▶ _Assignment_
Begin at the line containing "Brunel's Iron Railway" in the data below and go on through the line containing "新品 BMW ロゴ ゴルフ衣類収納バッグ", repeating each line exactly; include both ends and no other line.

▶ _Input for this task_
· · ·

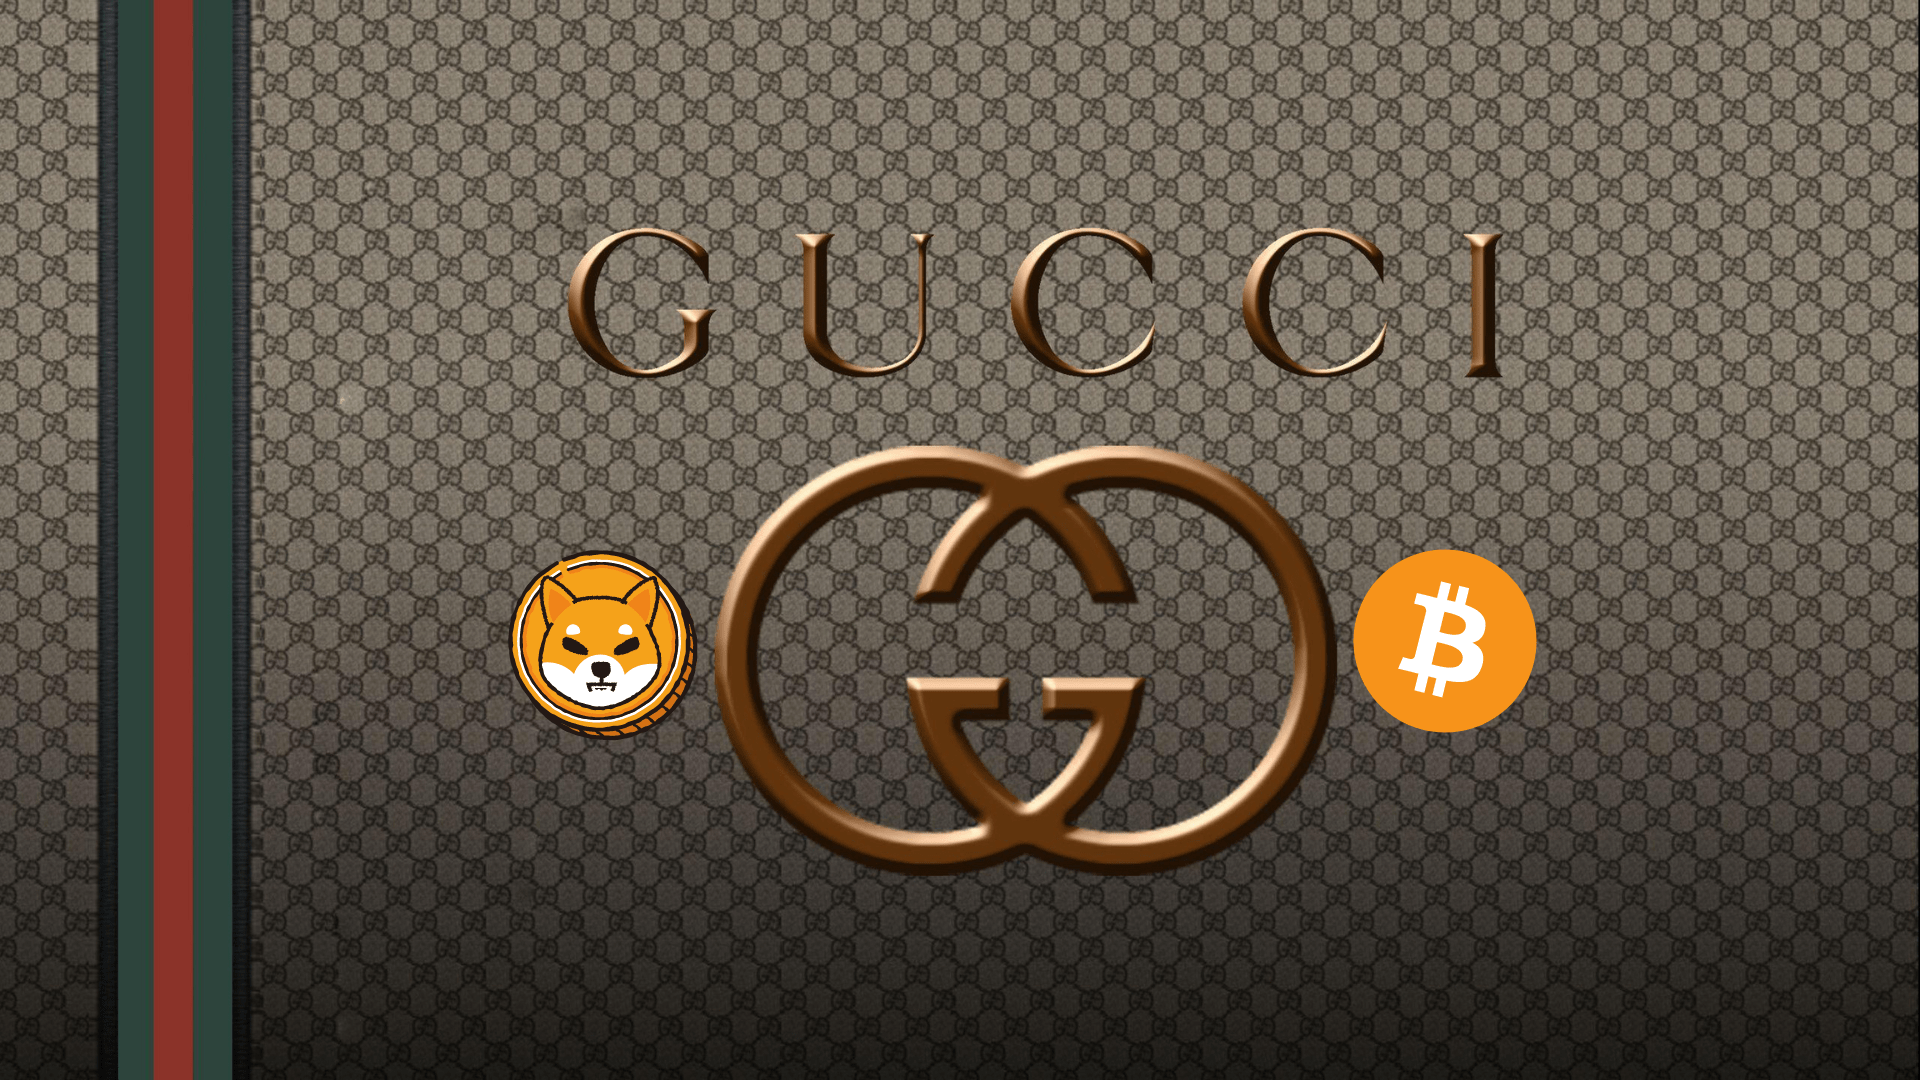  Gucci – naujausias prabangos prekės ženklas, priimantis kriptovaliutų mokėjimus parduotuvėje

· · ·

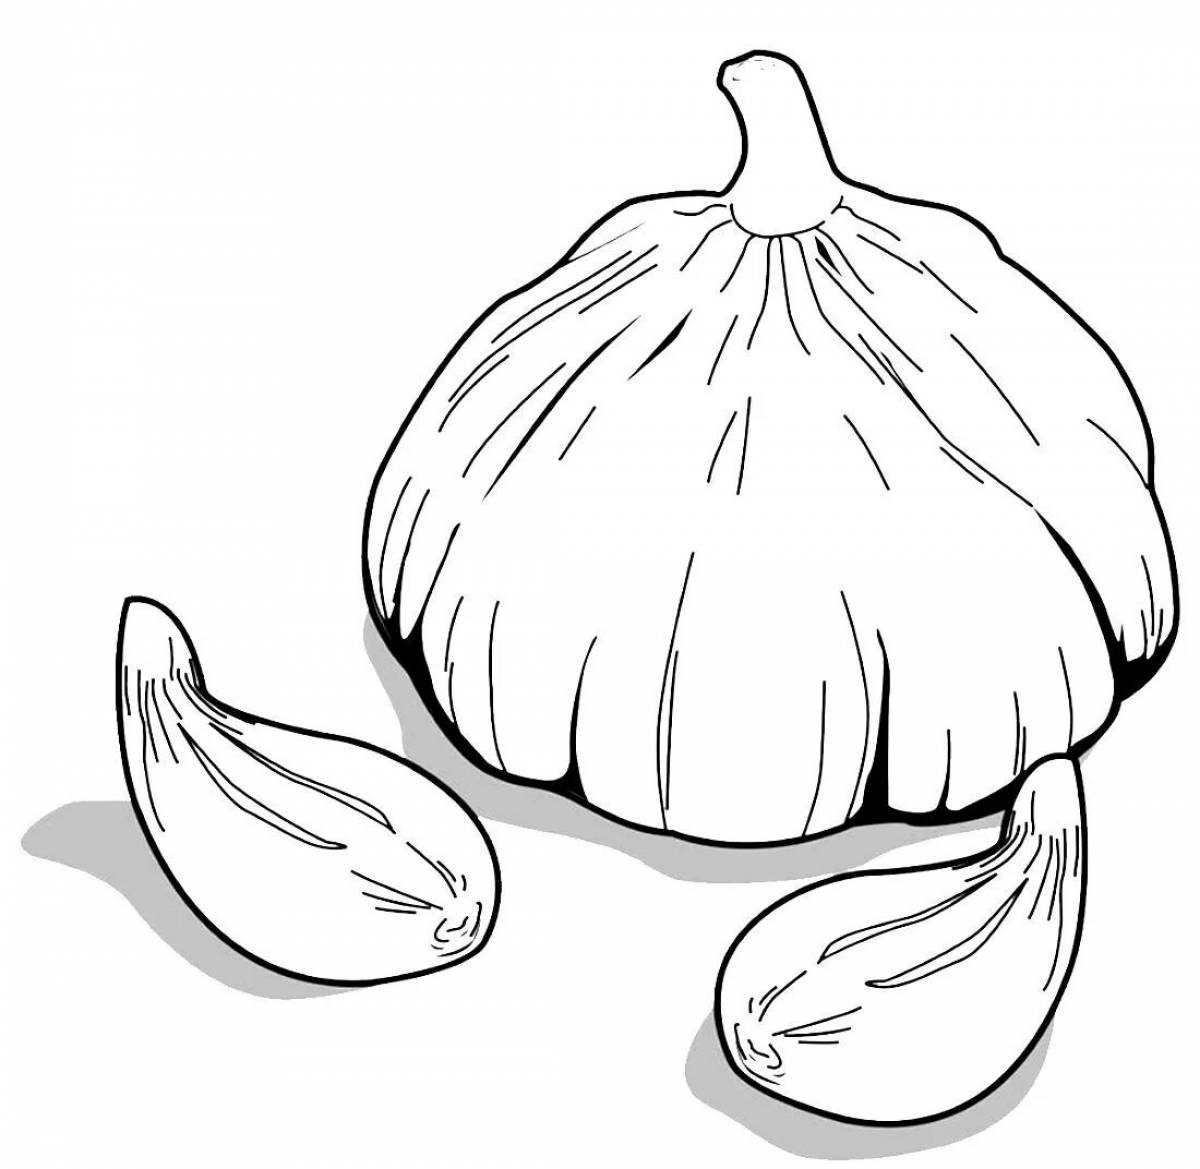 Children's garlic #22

· · ·

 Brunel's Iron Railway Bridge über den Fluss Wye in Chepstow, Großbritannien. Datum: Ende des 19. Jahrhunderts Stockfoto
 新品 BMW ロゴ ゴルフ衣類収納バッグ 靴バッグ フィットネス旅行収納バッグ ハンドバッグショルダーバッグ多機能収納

· · ·

▶ _Result_
 Brunel's Iron Railway Bridge über den Fluss Wye in Chepstow, Großbritannien. Datum: Ende des 19. Jahrhunderts Stockfoto
 新品 BMW ロゴ ゴルフ衣類収納バッグ 靴バッグ フィットネス旅行収納バッグ ハンドバッグショルダーバッグ多機能収納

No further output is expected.